As a statement made by one of the leaders of the movement, this article was not exactly appropriate.   Katayama called workers receiving aid and workers unable to work due to illness or injury, "shameless knaves" and castigated them for being "disloyal, lacking in zeal, and with no feelings at all".   However, it was not the case that all of them were deliberately avoiding paying their dues; there were doubtless some who wanted to pay but could not.   Also, Katayama's argument ignored the fact that the mutual aid system had been effective in contributing to the organization of many union members in a short period of time.   It was also surely inappropriate for a leader of the movement to adopt a position which saw 'healthy workers' in opposition to 'workers who received aid'.   Nevertheless, it is a fact that there were some union members who saw mutual aid money as lottery money so Katayama's criticisms were not entirely off the mark.

Takano still did not argue against Katayama's proposals directly but instead, in order to maintain the mutual aid system in some way, he put forward a "Personal Proposal for Reform in the Ironworkers' Union", which incorporated a plan to set up a credit union based on the recently enacted Industrial Unions Act.   Practically, this meant that of the 20 sen union subscription payment, 6 sen would be deducted first to pay to a credit union, an incorporated foundation, and of the remaining 14 sen, 3 sen would go to head office, 2 sen to the branch office and 3 sen as Kiseikai membership dues.   This would leave 8 sen (presumably an error - it should be 6 sen), which would be used for mutual aid payments.   He also proposed that the amount of mutual aid payment for illness be reduced from 15 sen a day to 10 sen a day and that the number of days of sickness and the types of payments made for such cases of sickness be left as they were.

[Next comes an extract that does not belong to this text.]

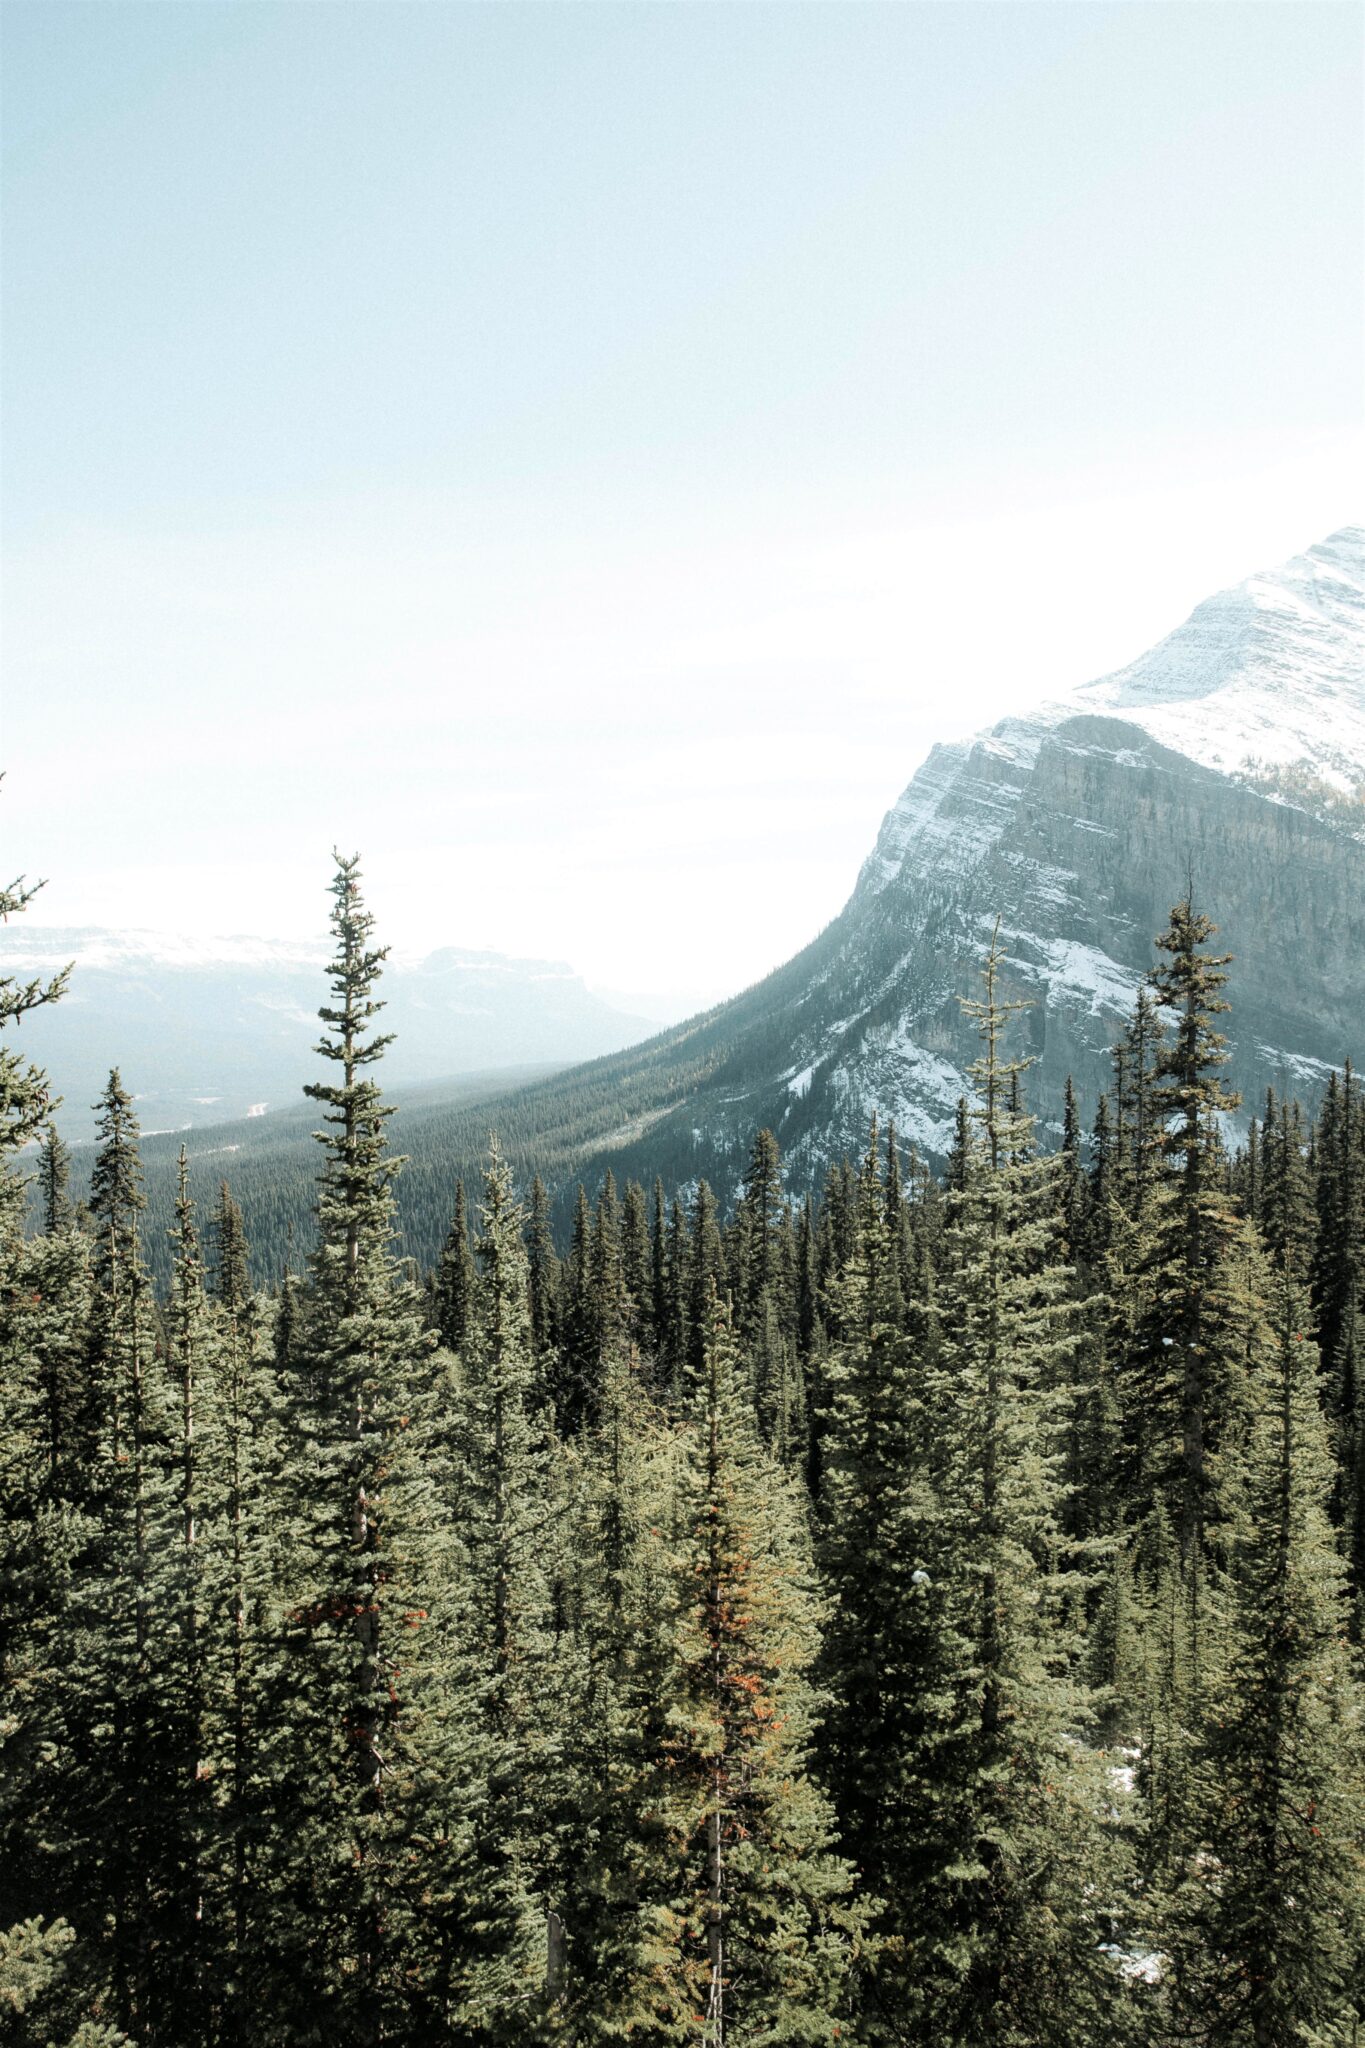 A beautiful Canadian landscape with a dense forest and a snow-covered mountain in the distance. This article covers reasons to visit or move to Canada.

In order to come to a resolution on the question of keeping or abandoning the mutual aid system, a general meeting of the head office committee was held in June 1900. The Labor World reported on the result as follows:

    On June 9 last, as has previously been reported, a general meeting of the Head office committee was held in the upper room of the Head office of the Ironworkers' Union....  A report was given on the state of the finances, and an exchange of views took place on the question of reforms in the union and on the union's future direction in which it was recognized that there was a need to terminate mutual aid payments for sickness and fire damage, and Mr Takano withdrew his own proposal.   There seemed little prospect of being able to effect the Council's proposal either.   On the contrary, as can be seen in the notices column, the resolution was carried unanimously....
   Summary of the resolutions
       (1)   Aid payments for funerals to be altered from 15yen to 10 yen
       (2)   Aid payments for sickness, fire damage and injuries to be stopped until further notice.

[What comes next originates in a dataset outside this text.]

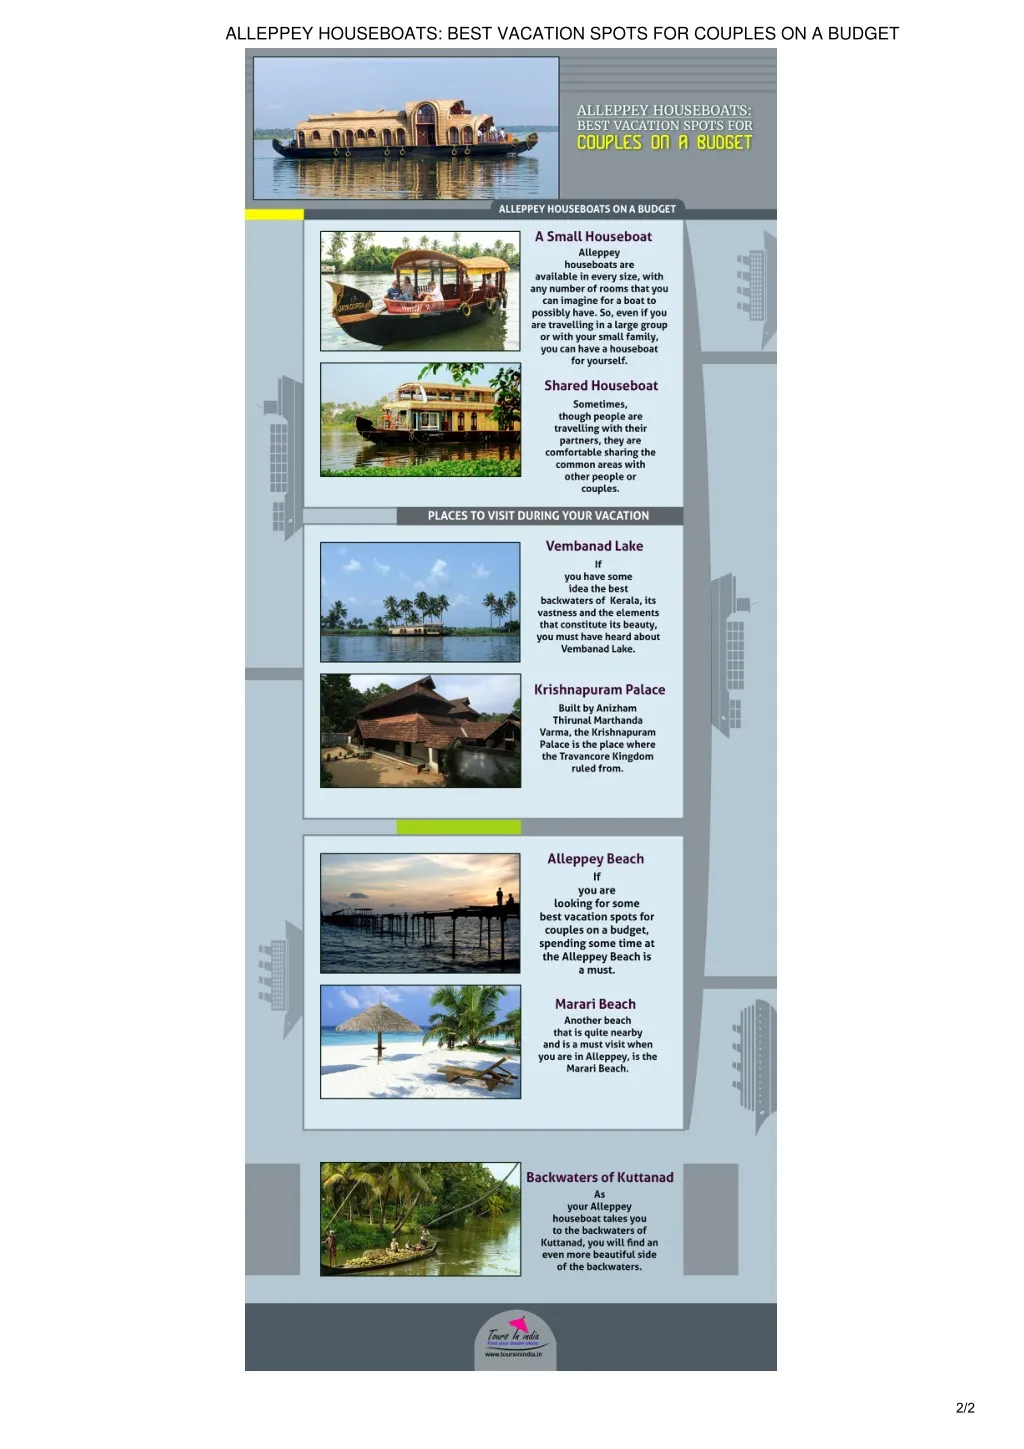 alleppey houseboats best vacation spots

Ultimately, Fusatarô's proposal was not supported by the other committee members, and he had to withdraw it, while Katayama's argument in favor of stopping the mutual aid system was accepted.   Only payments for funerary arrangements survived, and at a lower payment rate.   The mutual aid system was not abolished but 'stopped', and while this word suggested that when the financial situation improved, aid payments could be resumed, in the end that day did not come.   For Fusatarô, for whom the mutual aid system was the essence of a labor union and who had argued in favor of maintaining the system, the meeting ended in a complete and utter defeat.

The Ironworkers' Union dissolves itself at its New Year's meeting

The Union had in effect abolished the mutual aid system and had considered Fusatarô's 'reform' proposal to set up a foundation based on 6 sen out of the individual member's 20 sen union dues, but this change of direction did not come about.   On the contrary, this proved to be a watershed; from this point on, the Union lost its substance and became a union in name only.   The last financial report appeared in February 1900, and nothing is known of the state of the union organization after that date. However, the following facts indicate that from summer to autumn 1900 the Ironworkers' Union fell into a state of complete decay.

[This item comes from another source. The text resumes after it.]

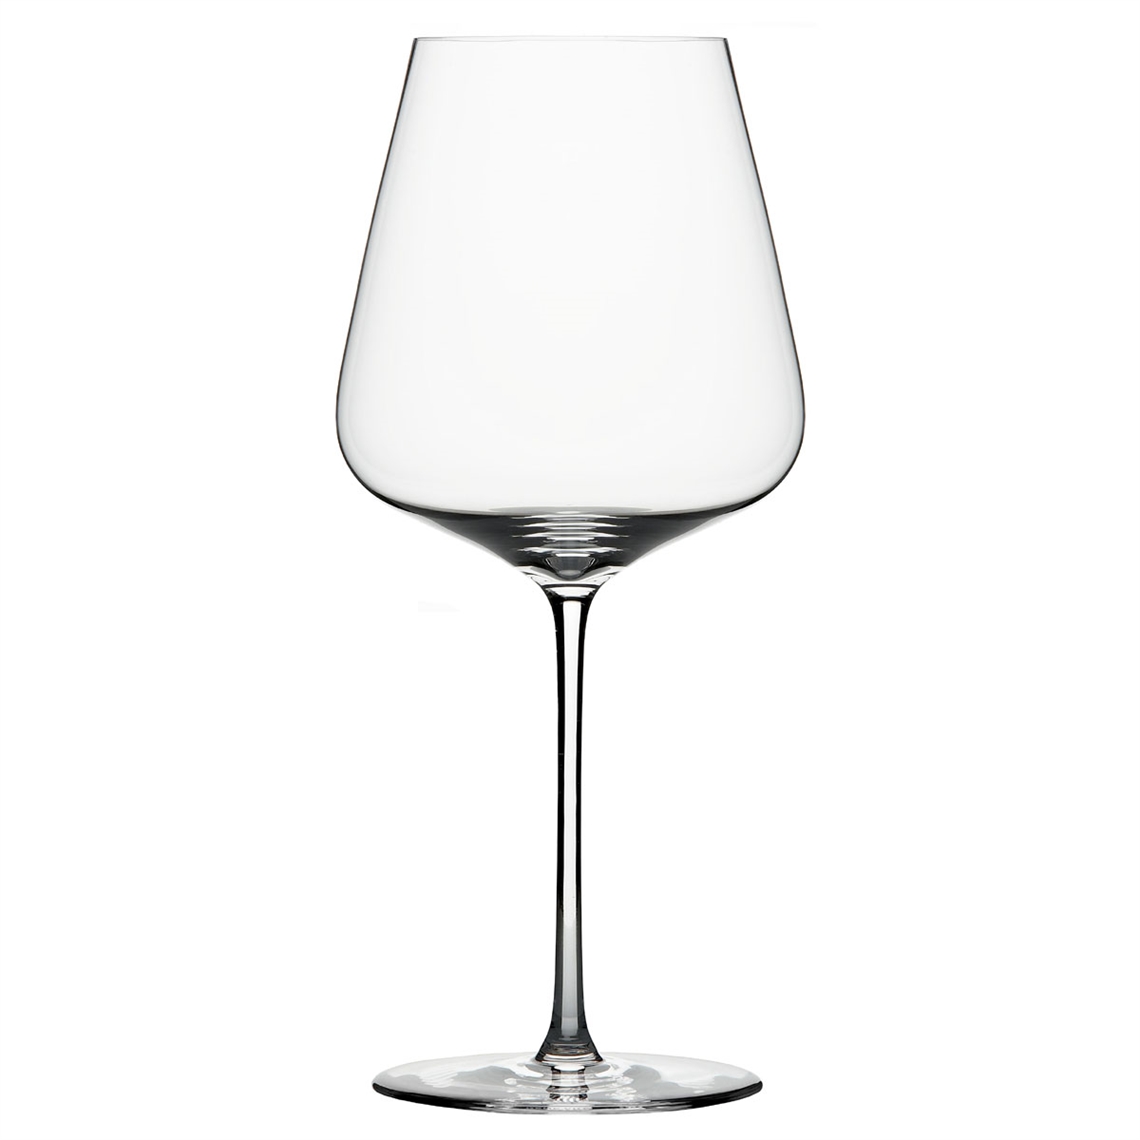 View more schott zwiesel from our Premium Mouth Blown Glassware range

First is the fact that the financial reports were no longer made public.   The financial situation must have deteriorated to the point where it was thought that publishing the report would have a bad effect on the ability to maintain the organization.   Secondly, after issue no. 64 of The Labor World (August 1900) the activities of the Union's branches were hardly reported anymore in the 'Union Bulletin' column.   The kind of reports about elections of branch committee officials that had previously used to appear ceased to do so, and the following year, 1901, saw the disappearance of the 'Union Bulletin' column itself.
    The third factor was the breakdown of management at the Rôdô shinbunsha (Labor Newspaper Company).   At the Ironworkers' Union general head office committee meeting held on June 9, 1900 the focus of the 'program for reform' resolution that was passed there not only reduced the frequency of publication of The Labor World from twice a month to once a month, it introduced a new levy of two sen a month from each member's union dues as a 'paper cost charge'.   But in fact, the Ironworkers' Union could not pay this paper cost charge, and the Labor Newspaper Company could not afford its printing costs.   It became difficult to publish even once a month.   On September 25th the company held a general meeting of its partners at which it was decided to hand over publication of The Labor World to Katayama Sen personally.
    The fourth sign of the Union's difficulties was the resolutions passed at the Ironworkers' Union head office general committee meeting on October 27, 1900:

    (1) The fixed transport allowance of the secretary of the Union executive committee is hereby discontinued; in future only the actual costs of journeys will be paid.
     (2) Head office will issue written notices to union members who have not paid their dues to press them to do so.
     (3) The elections for head office officials are hereby postponed until the general meeting of next January 1901.
     (4) Until sufficient operational funds have been gathered, money from the basic capital fund will be diverted to pay aid money for funeral services.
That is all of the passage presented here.